Toprak altında olduğun için bizlere görünmesen dahi.

Sen mahzunun kâlbinde görünürsün.

Sonrasında Hazreti Ali Misafirin yanından ne zaman dönceksin diye sorar.

Hazreti Fatıma: kıyamet gününe kadar dönüşüm yok der.


Hazreti Ali: bu ne biçim bir söz ya Fatıma vahiy kesildi, sana bunu kim haber verdi? der.

Hazreti Fatıma: dün babam Resulullah sallallahu aleyhi ve sellem'i rüyamda gördüm ve bana "kızım Fatıma süre epey uzadı, şevkim arttı seni bekliyorum, dedi.


Hazreti Fatımadan bu sözleri duyan Hazreti Ali'nin dilinden şu şiir döküldü:İki halilin buluşması ayrılıktır

Ayrılıktan aşağı her şey kolaydır.Ahmetten sonra Fatıma'yı da kaybetmem


Hiç bir dostluğun dâimi olmadığına delildir

Onları kaybettikten sonra nasıl yaşar nasıl uyurum...


Sonra Hazreti Fatıma Hazreti Hasan ile Hüseyin'i çağırır, Hasan'ı sağ uyluğuna Hüseyin'i de sol uyluğuna oturtur yüzlerine uzun uzun bakar ve ağlayarak şu mısraları dile getirir:


Benden sonra elbiselerinizi kim yıkar saçınızı kim tarar ki. Keşke zor günlerinizde yanınızda olsam. Şehadetinize tanık olsam ve sizin için ağlasam der.

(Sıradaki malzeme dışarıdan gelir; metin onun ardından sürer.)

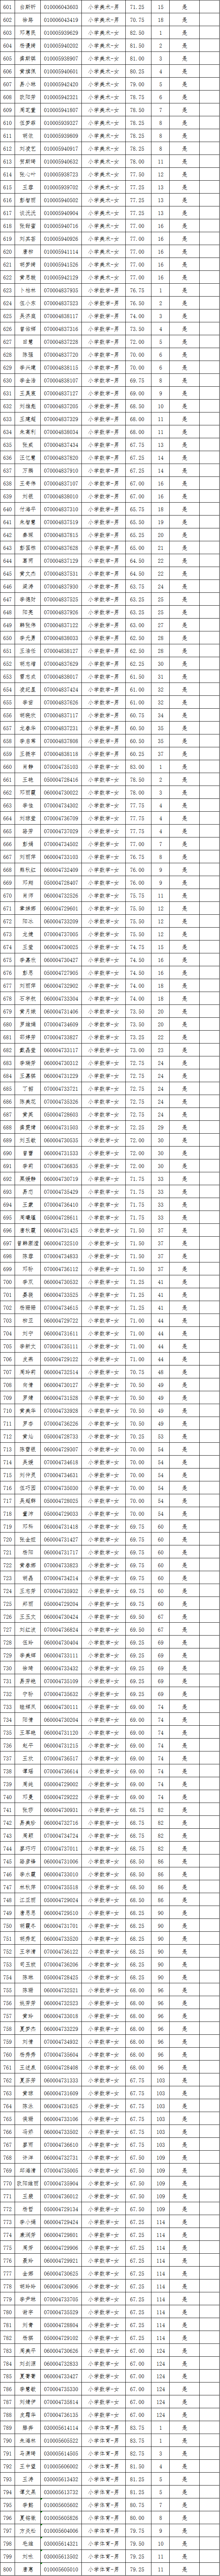 2021年长沙县第—批教师招聘入围试教人员名单公示(图13)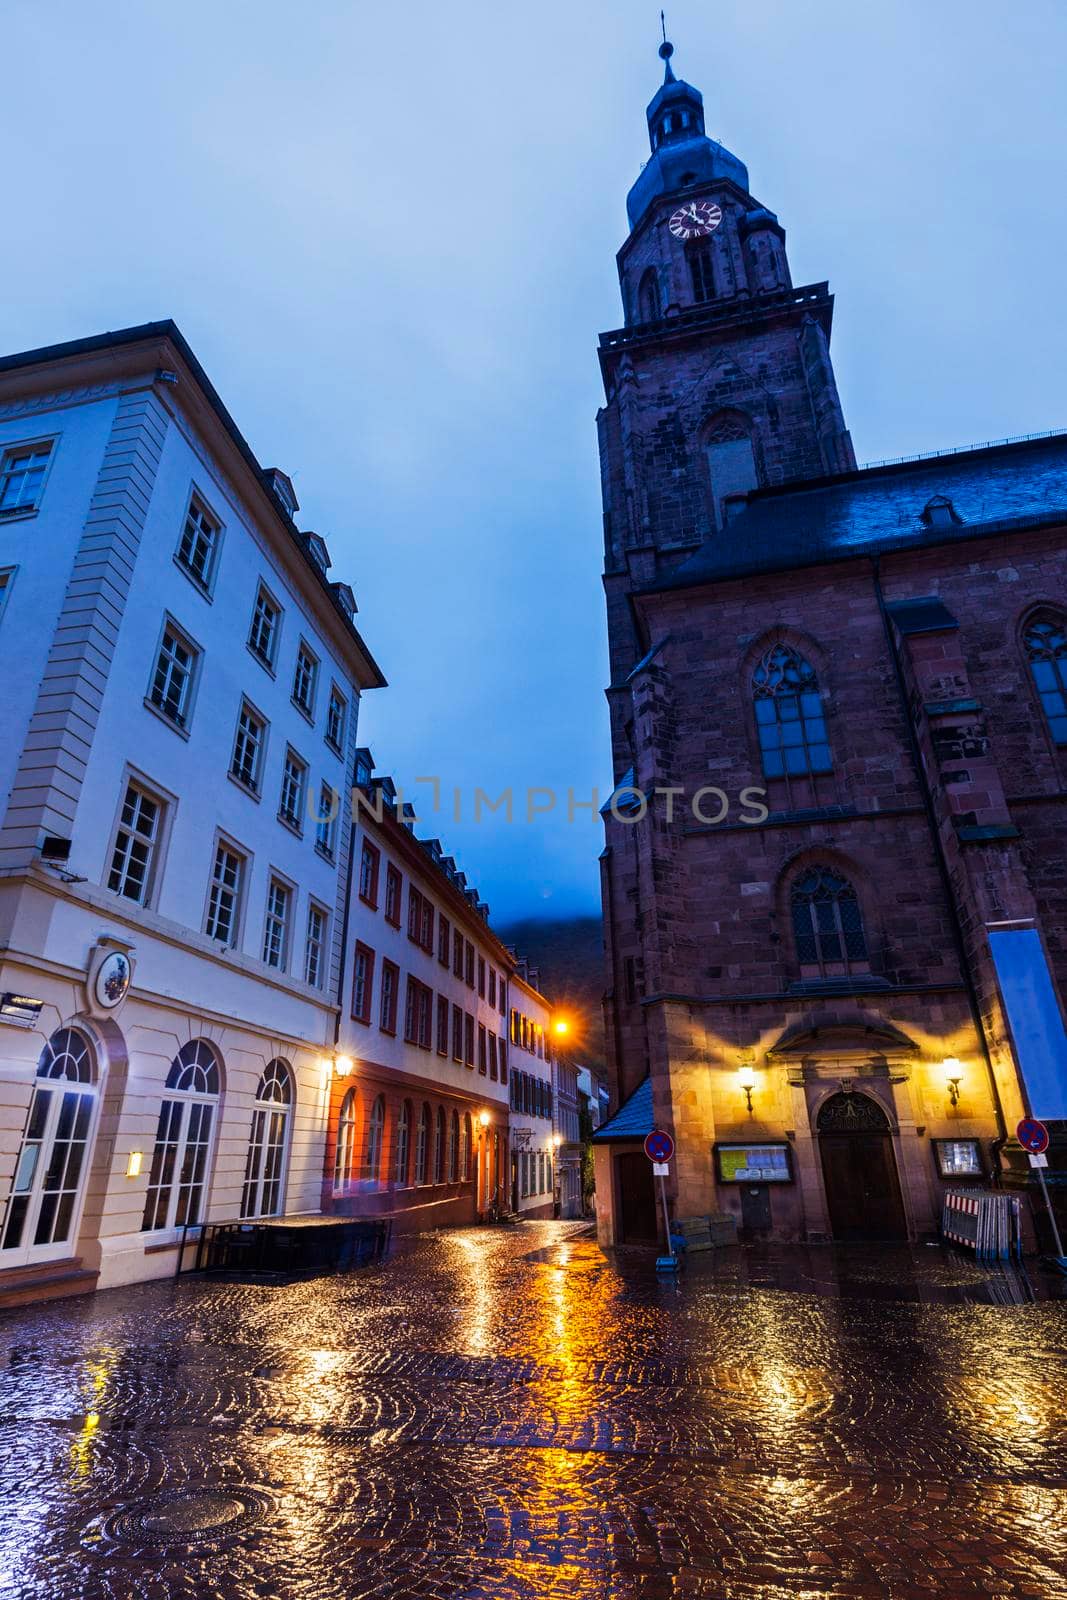 Church of the Holy Spirit on Marktplatz in Heidelberg by benkrut

Hazreti Fatıma'nın bu sözlerini duyan Hazreti Ali şöyle der:

Ölüm zordur ama gariplerin, gençlerin ve yetimlerin ölümü daha zordur.

(Çünkü Hz Fatıma Medine'de hem garip hem genç hemde yetimdi)


Ey Fatıma:

Senden bir isteğim var, baban Resulullahı görürsen ona selamımı ilet, ve onu çok özlediğimi söyle.

Diğer isteğim ise eğer benden razı değilsen beni Resûlullaha şikayet etme, çünkü ben fakirim ve senin kadrini bilemedim.


Ve diğer isteğim ise beni kıyamet günü zebanilerin elinde görürsen bana şefaat et..


Bunları duyan Fatıma Radiyallahu anh Hazreti Ali'ye, ya Ali:

Benimde senden bazı isteklerim var der.

ölürsem beni sen kefenle ve sen göm, Eğer garip yetim ve genç görürsen benim gençliğimi ve garipliğimi hatırla.


Hasan ile Hüseyin'e bağırma ve dövme.

Ve bil ki ya Ali babam Muhammed Sallallahu aleyhi ve sellem, semada ki melekleri ve ölüm meleği geldiler.


Şimdi kalk ve hokkamı getir, Hazreti Ali hokkayı getirir.Hazreti Fatıma şöyle der ya Ali beni gömeceğin zaman bu hokkadaki kağıdı çıkar ve açıp bakmadan kefenimin içine koy.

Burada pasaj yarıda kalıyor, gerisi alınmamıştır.